Their solution was called an X-Ray Graph, which sits on top of various data sources and it makes it easy to search across the product catalog. X-Ray connects information from these data sources and pulls them into Neo4j, which is able to establish relationships in the product journey.
Following the introduction of X-Ray, Brown and Shehadeh show parts of the GRANDstack application that were built on top of the graph, and also provide an overview of unique hurdles, hiccups and shortcuts learned throughout this process. They conclude the post with a quick tour of Under Armour’s website features, and how to implement them in Cypher and GraphQL.
Full Presentation: Discover the Soul of a Product Using Neo4j and React
Our names are Pat Brown and Karim Shehadeh. Pat is an engineering lead with Under Armour over at the Engineering Advocacy Team, and Karim is the senior manager. We like to say that Karim is responsible for bringing order to chaos, and Pat is responsible for said chaos.
We work on the Engineering Advocacy Team at Under Armour. What that team does is to look both outward to other parts across the business to make engineering accessible for them, then look back inward to work with engineering teams to make engineering more fun, efficient and effective here at Under Armour.
Today, we’ll talk through X-Ray a bit, the journey we took and what we learned about Neo4j along the way. We’ll also go through some of the hurdles we ran into and the solutions we came up with.
X-Ray: The Problem
After discussions with a lot of non-engineering employees at Under Armour, we realized a main problem was enabling them to fully understand the product journey.
By product journey, we mean the full process from the point in which designers and developers design the products, followed by actually building it, then talking to the marketing and merchandising teams within Under Armour, then actually selling it on the site or in retail stores, and finally to the point where the customer wears it and potentially talks to customer service.
Through that entire journey, there’s a lot of data that’s accumulated, and between these various points in the product journey, there are often unreliable or missing data flows. As a result, by the time you actually get to customer service, they have a very limited amount of information to give to the customers.
X-Ray: The Solution
X-Ray was our solution to discovering the soul of our products. X-Ray essentially recognizes that there are disparate data sources within Under Armour; all along the way, data switches between some proprietary database into an Excel spreadsheet, into a PowerPoint, into another database – through multiple stages. It’s during that process where data actually gets lost.

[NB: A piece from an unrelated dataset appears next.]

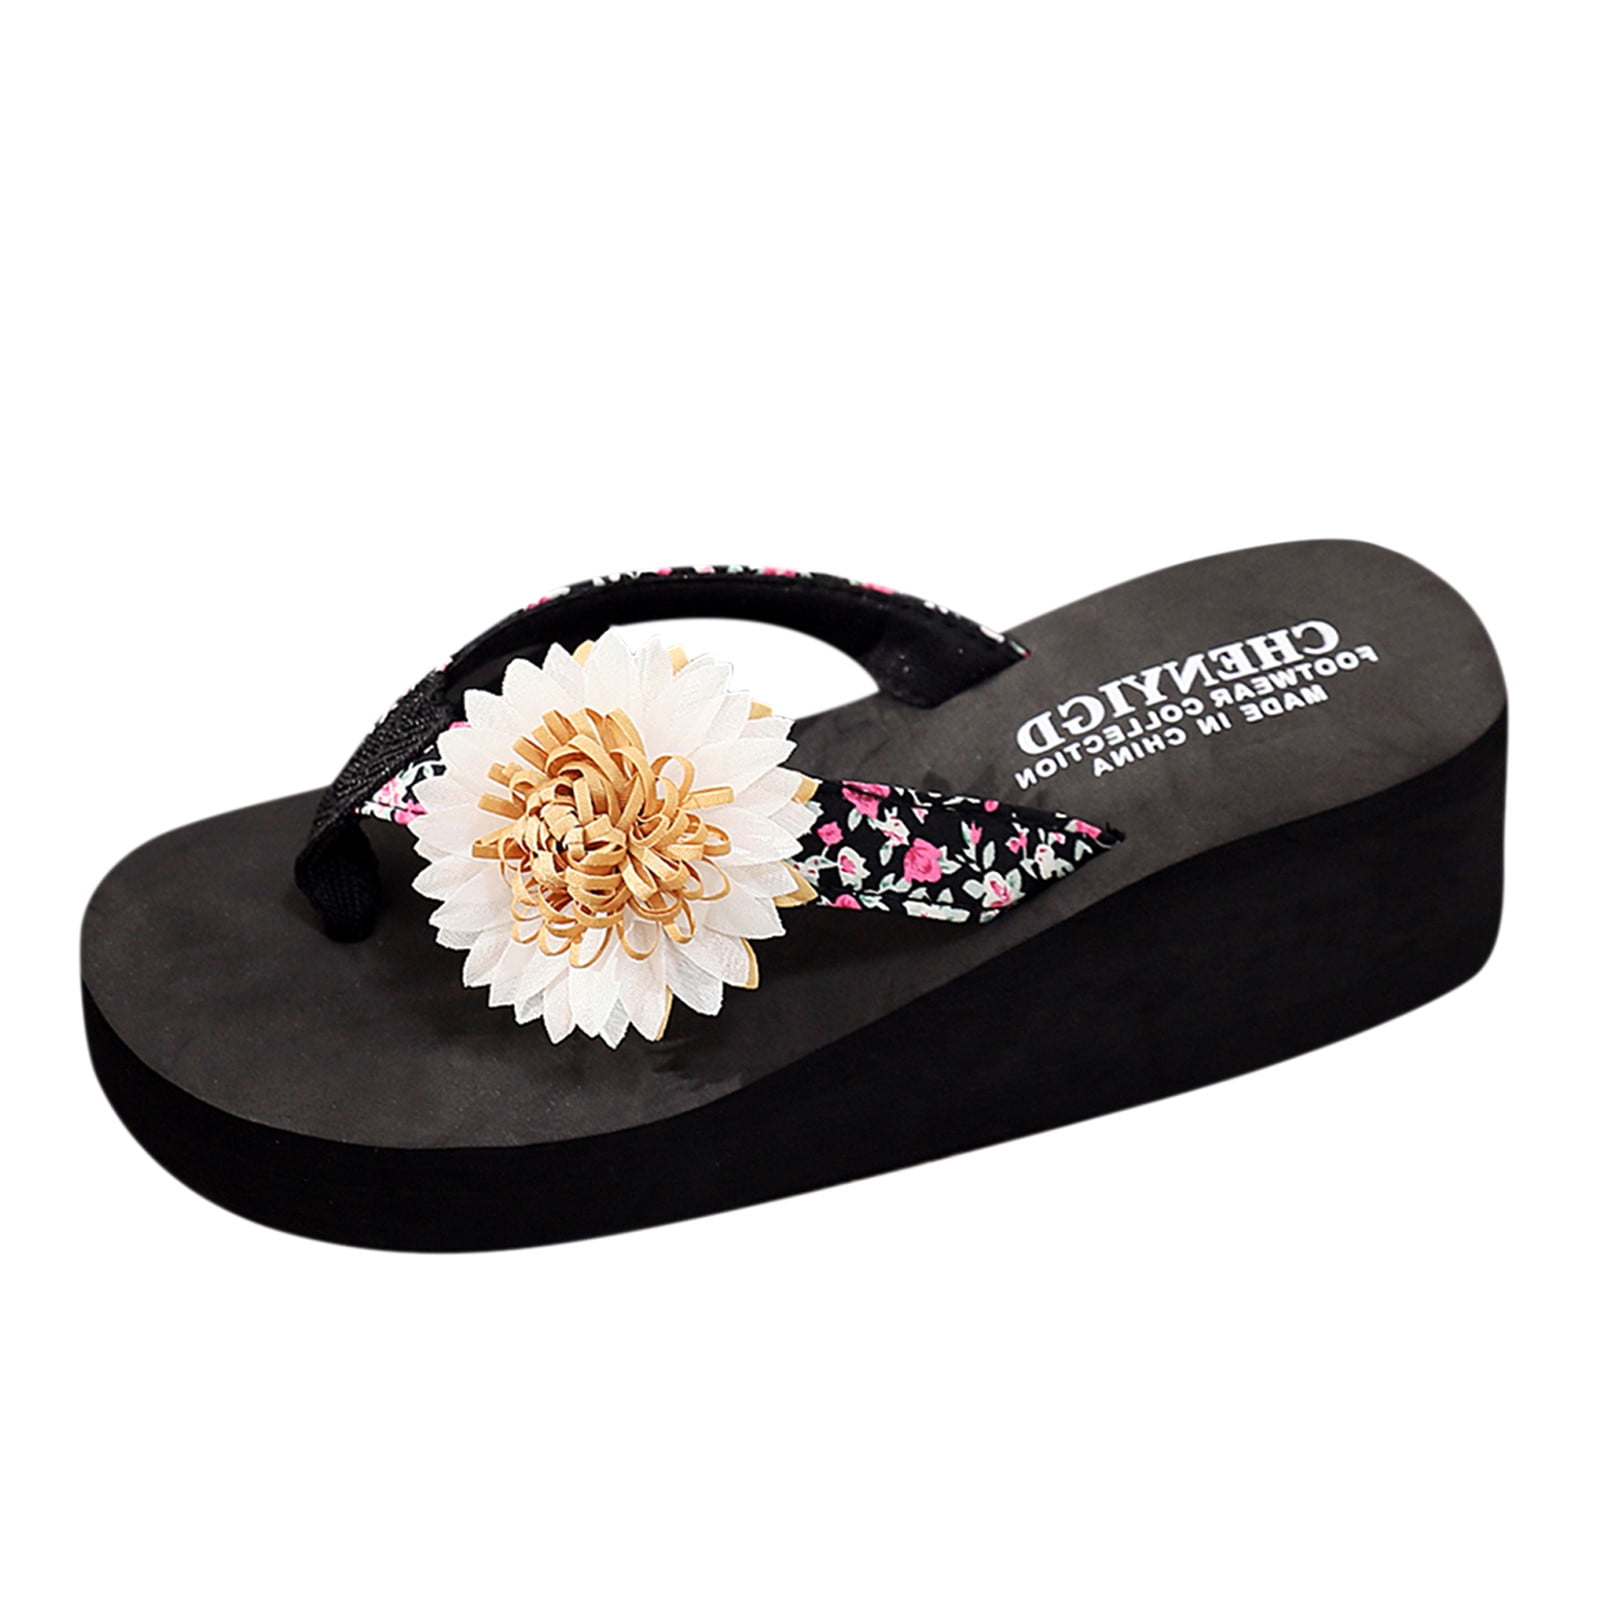  GlobalHandmade, Bohemia Women Flat flat flip flop Sandals  Summer Beach Shoes, Multicolored, Black US Size 5-13 : Handmade Products

What we wanted to do was connect all of these data sources and pull them into a graph. Then, we’d utilize that graph to aggregate information and establish relationships in a clear way, through which we’d be able to pull out even more information.
Our data sources didn’t just include relational databases; they also included APIs we’d obtain through sites like Bazaarvoice, which does reviews. Of course, in our Connected Fitness engineering arm, a lot of data is exposed through various means. In this way, we could be pulling in information from an S3 bucket, an API endpoint or a relational database. Below, we’ll talk about how to do that and how we make the data available.
Overview of X-Ray
Let’s quickly go through an overview of what X-Ray is and where we ended up.
Below is the actual schema of X-Ray. As you can see, we currently have 150 million nodes, 141 million relationships and 65 gigabytes of actual data. It’s not terribly huge, but still a significant amount.
We have everything from
Articles, and if you look closely, you’ll see we have different factories and retail data. Again, a big issue was how to get all this data in.
Below, we have the homepage. When you go to this site, you can see your “Recent Searches” and “Best Reviewed” searches. You can then click on any of these products and actually view all of its product data and related styles.
Our first task in this process was making this usable by our customer service representatives (CSRs), who would go in and view all this data. Previously, features like the related styles and review data were just not as accessible.
Hurdle: Data Intake
Along the way, we ran into a couple of hurdles. Like we mentioned earlier, our first big hurdle was how do we get our data in, as we had a lot of different sources of data.
If you’re familiar with Neo4j and have looked at some of the tutorials and blogs, there’s a lot of information about CSV files and how to get them up and running quickly. However, we needed a way that not only pulled data in one time and analyzed it, but also functioned as a production-level system. This way, we could store data in the database and also update this data regularly and maintain it easily.
Therefore, our main need was to pool different sources, and our main challenge was that different sources would sometimes field the properties of the same node. For example, we might have one product node that we needed to bring in properties from different locations.
In the example below, we have our ecommerce database, which might have a product number and a name. Then, we have our product development database, which might have data that hasn’t been merchandised yet; this product might not have a merchandise name on it, though it has the same product number. It might also have a release date that could be important for us to use, but a different ID.
We explored several different tools throughout this journey, starting from your traditional ETL. In a traditional ETL, the root is very much like the source, and the outcome is configured.
In essence, you have your data source, it tells you these things, transforms it a certain way and puts it into the data. However, our concern was that this creates a lot of room for spaghetti pipelines. This is similar to spaghetti code, where you don’t really know where things end up or might be unclear as to where that data came from, particularly if properties have different sources.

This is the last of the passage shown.